Hell has been paid here. Backers are furious and have allegedly reached out to the Oregon Department of Justice seekign action against Mr. Chevalier. I’ve reached out to Erik for more information, but the above backer comment suggests that he spent a portion of the proceeds on moving. It could just be misleading semantics, but if true it would be ill-advised at best, and more importantly it wasn’t disclosed in his campaign page. Is it fraud? Arguable, but possible.
What happens when you make the crowd angry? They alert the media, which has become the de facto rewards-based crowdfunding watchdog in the absence of more stringent or well-formed rules surrounding accountability.
- Board game creator cans $123K Kickstarter project, reinforces the platform’s lack of accountability [TNW]
- Kickstarter game raises $123K, then gets canned after 13 months [Eurogamer]
- Kickstarter Project Takes $123,000 And Cancels Product: ‘My Hope Now Is To Eventually Refund Everyone’ [Business Insider]
- Outrage on Kickstarter as game is cancelled after making $123k [Computer and Video Games]
- Board Game Kickstarter Canceled Amidst Claims of Malfeasance [The Escapist]
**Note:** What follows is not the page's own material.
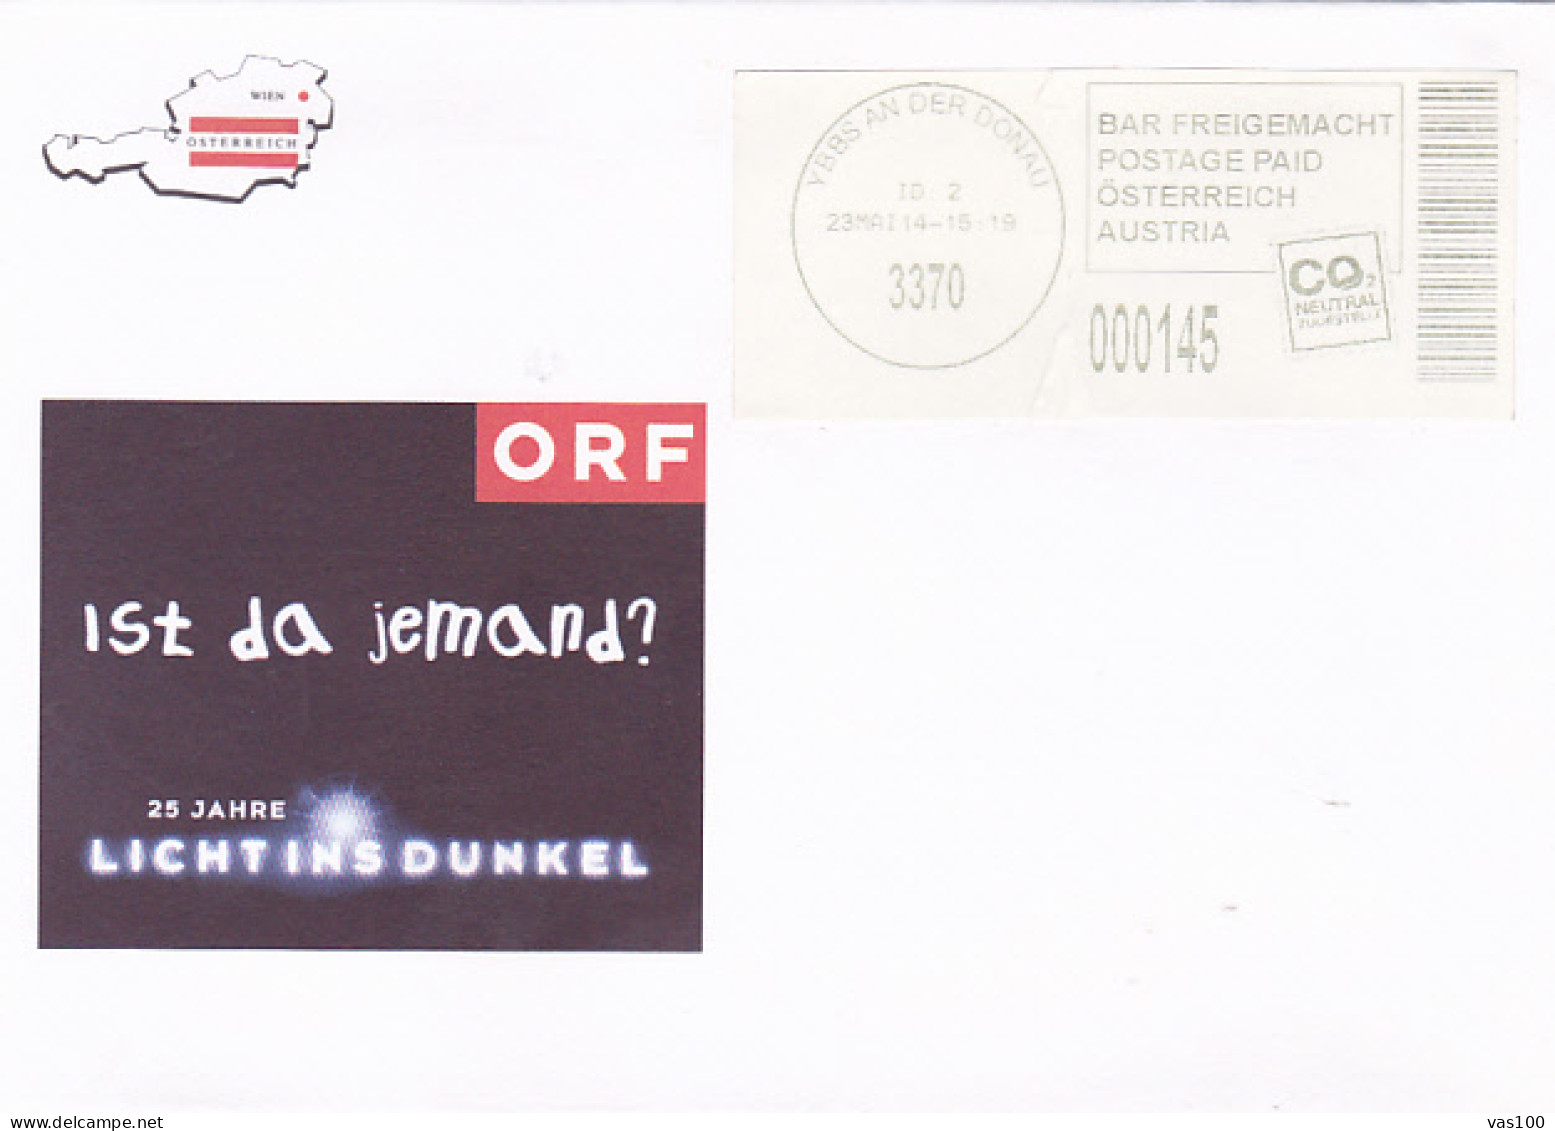 LIGHT IN THE DARK TELETHON ADVERTISING, POSTAGE PAID SPECIAL COVER, 2014, AUSTRIA - Briefe U. Dokumente

I think rewards-based crowdfunding has come to a crossroads. Despite what some of the more cynical pundits may want to have you believe, the status quo does work. Outright failure is rare. However, I get the sense that if the rate of failure increases or failed campaigns become more high profile (eg: a $3 million campaign goes toes up) Congress may get involved and begin to actually regulate the space.
For now the space is largely unregulated. Hopefully that isn’t being taken for granted.